START Record extracts

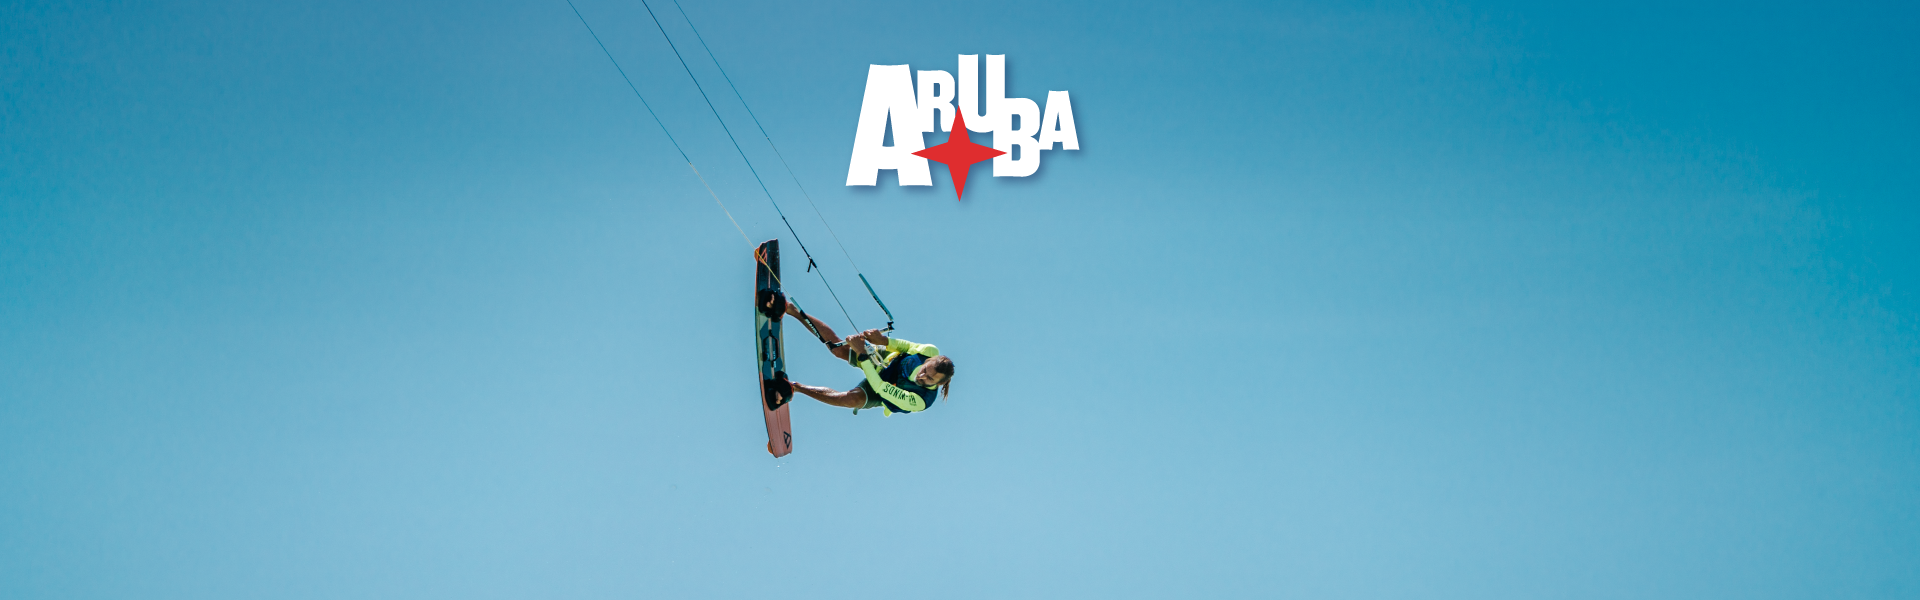 02 ARUBA ABRIL
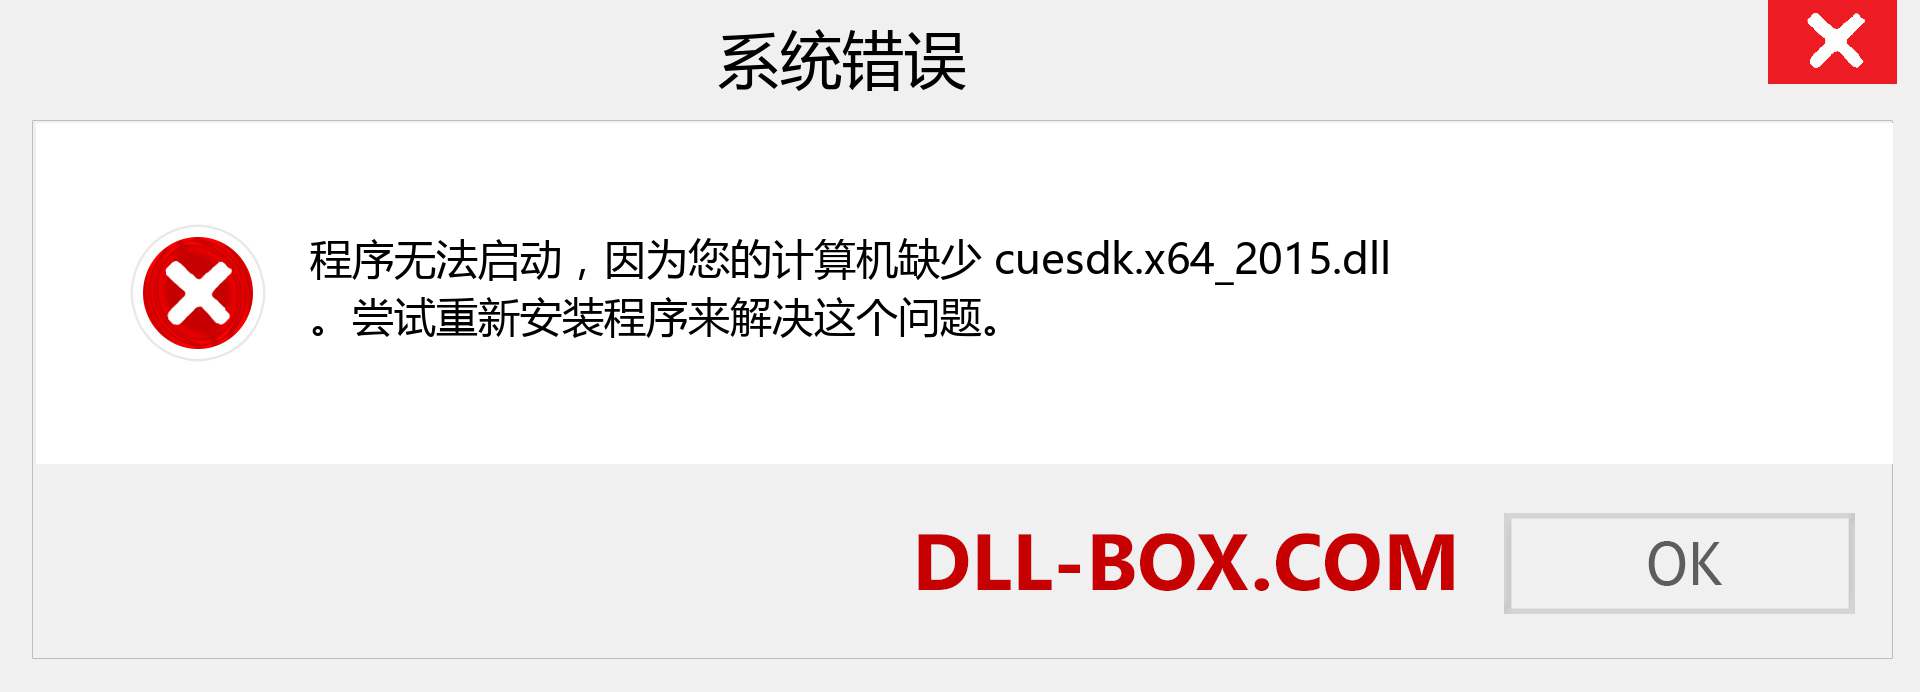 cuesdk.x64_2015.dll 文件丢失？。 适用于 Windows 7、8、10 的下载 - 修复 Windows、照片、图像上的 cuesdk.x64_2015 dll 丢失错误
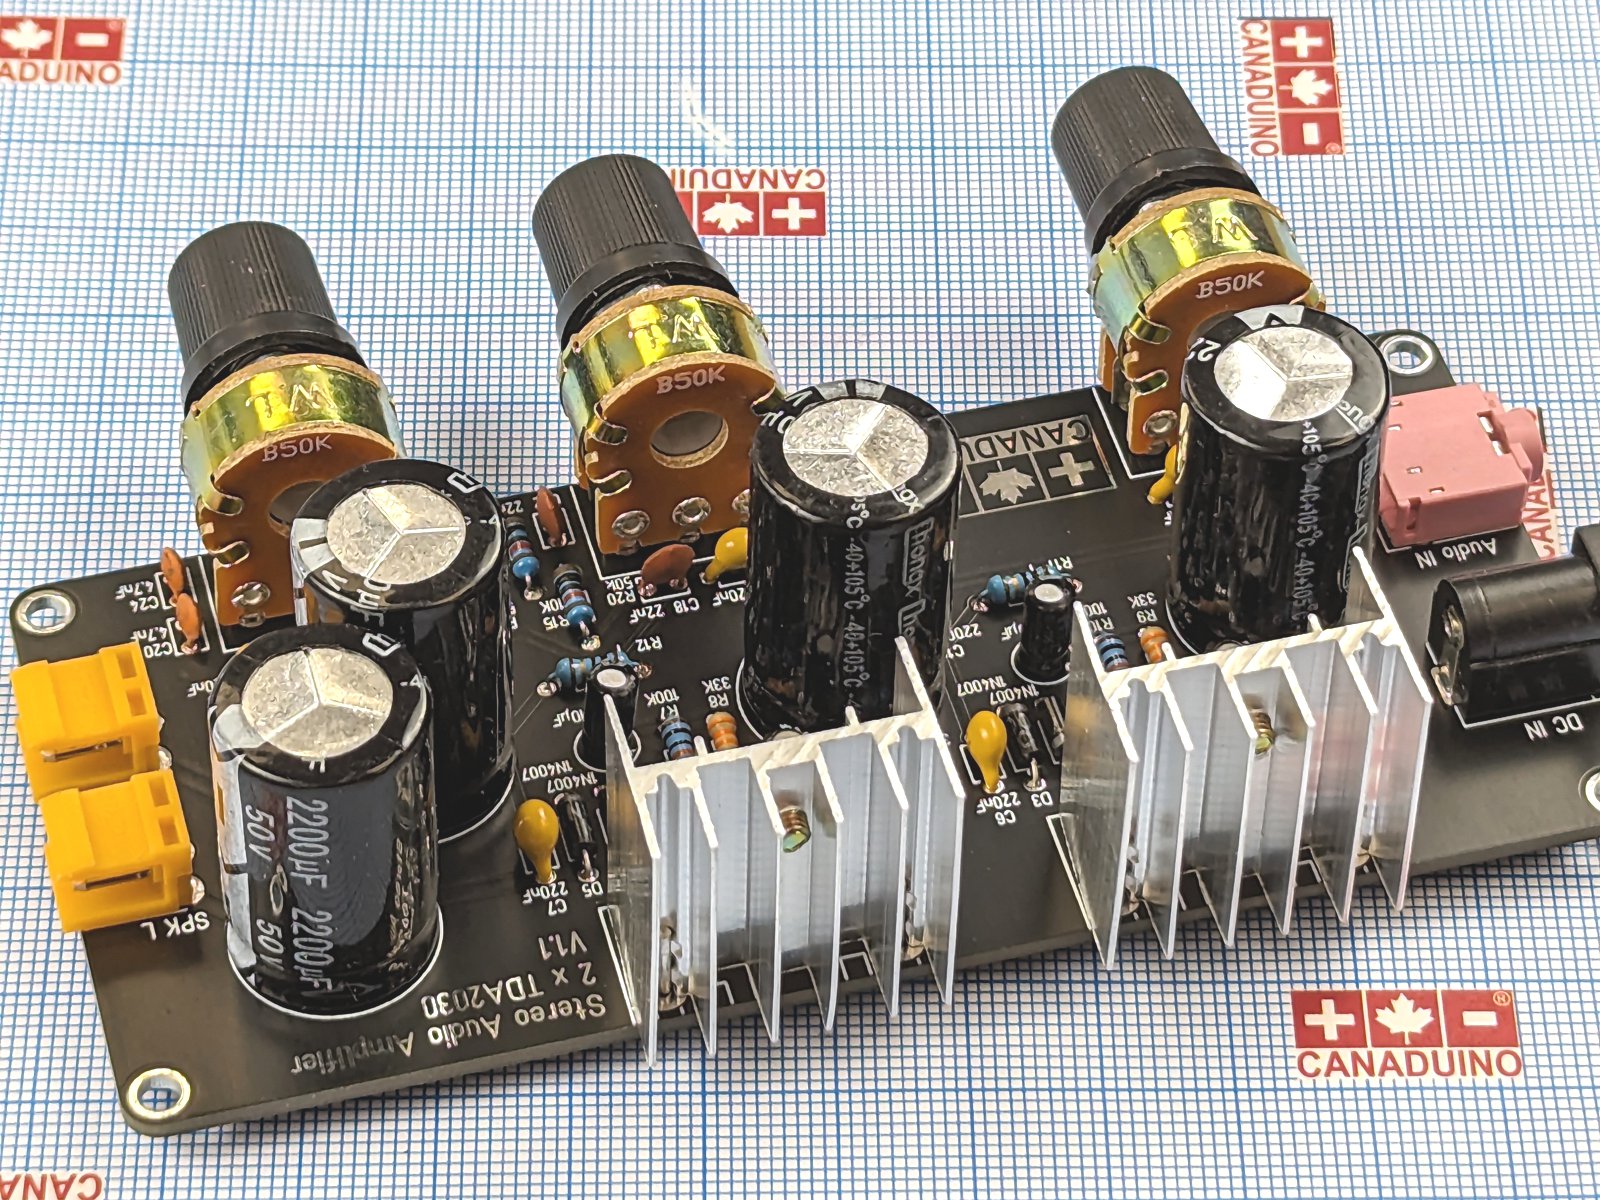 26789 dual TDA2030 amplifier V1.1 DIY kit 3
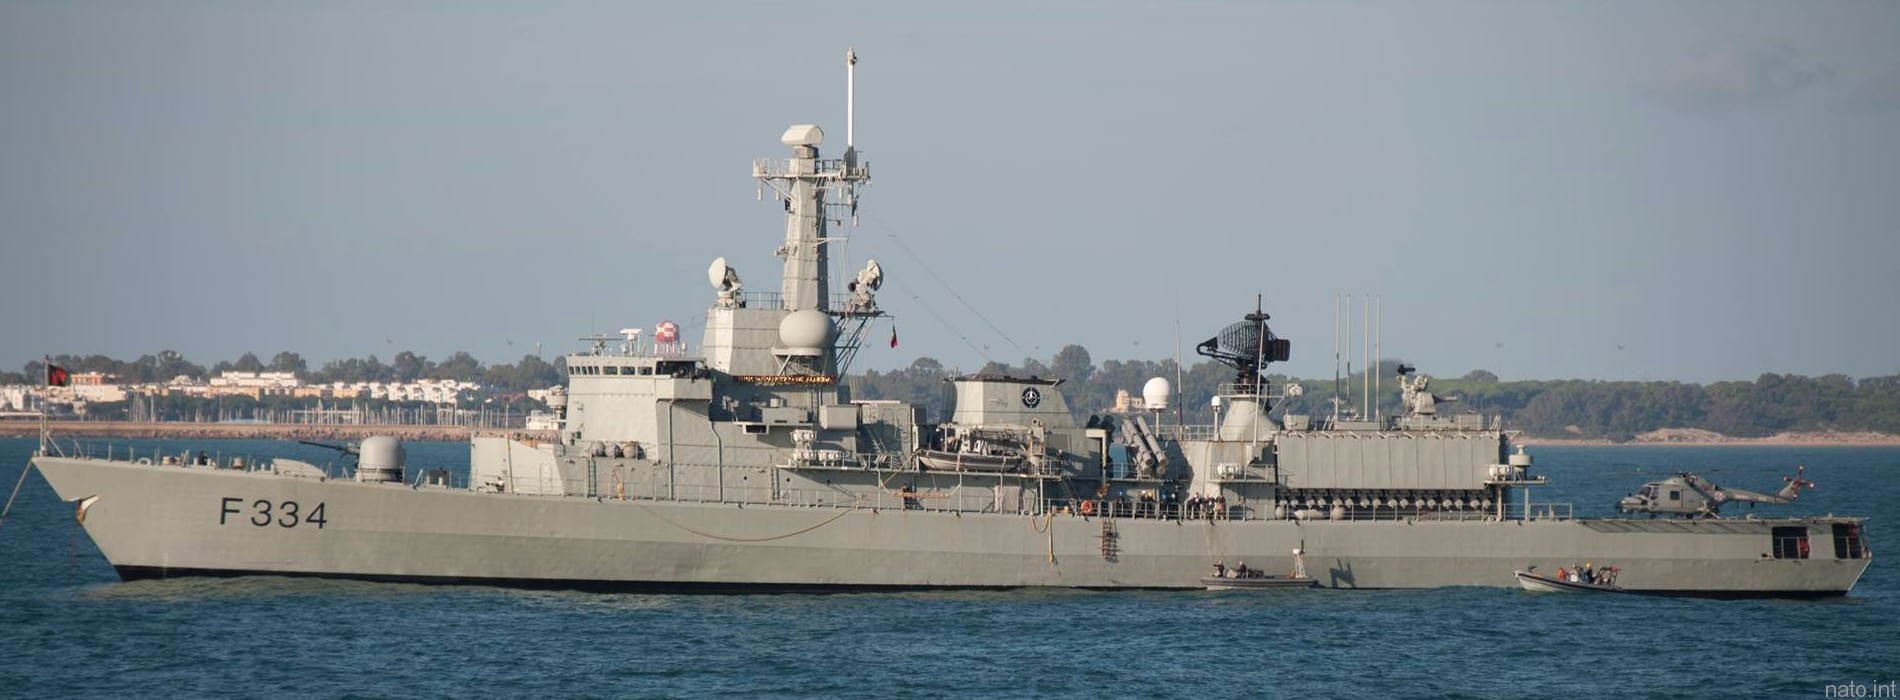 f-334 nrp dom francisco de almeida karel doorman class frigate portuguese navy marinha 11
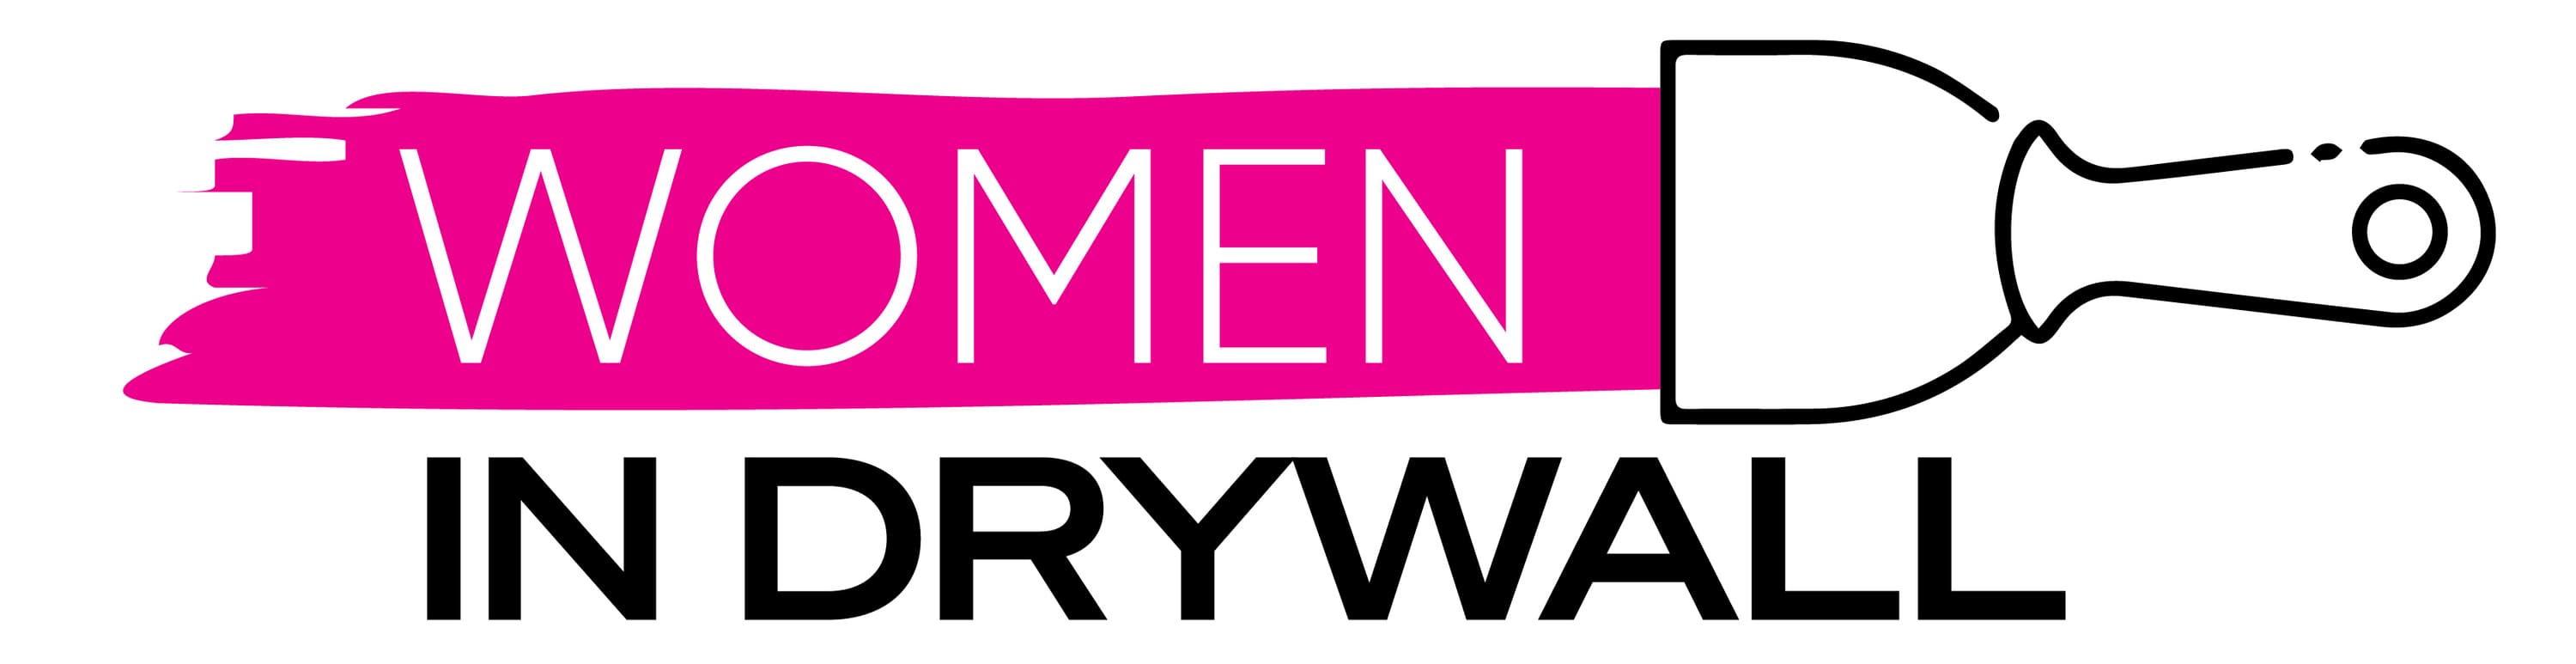 2021 Women in Drywall logo

END Record extracts

■ **Exercise brief**: Reproduce exactly and only the lines from the one with "f-334 nrp dom" through the final line of the records above, inclusive. Pictures must be left out.

■ **Completed exercise**:
 f-334 nrp dom francisco de almeida karel doorman class frigate portuguese navy marinha 11
 2021 Women in Drywall logo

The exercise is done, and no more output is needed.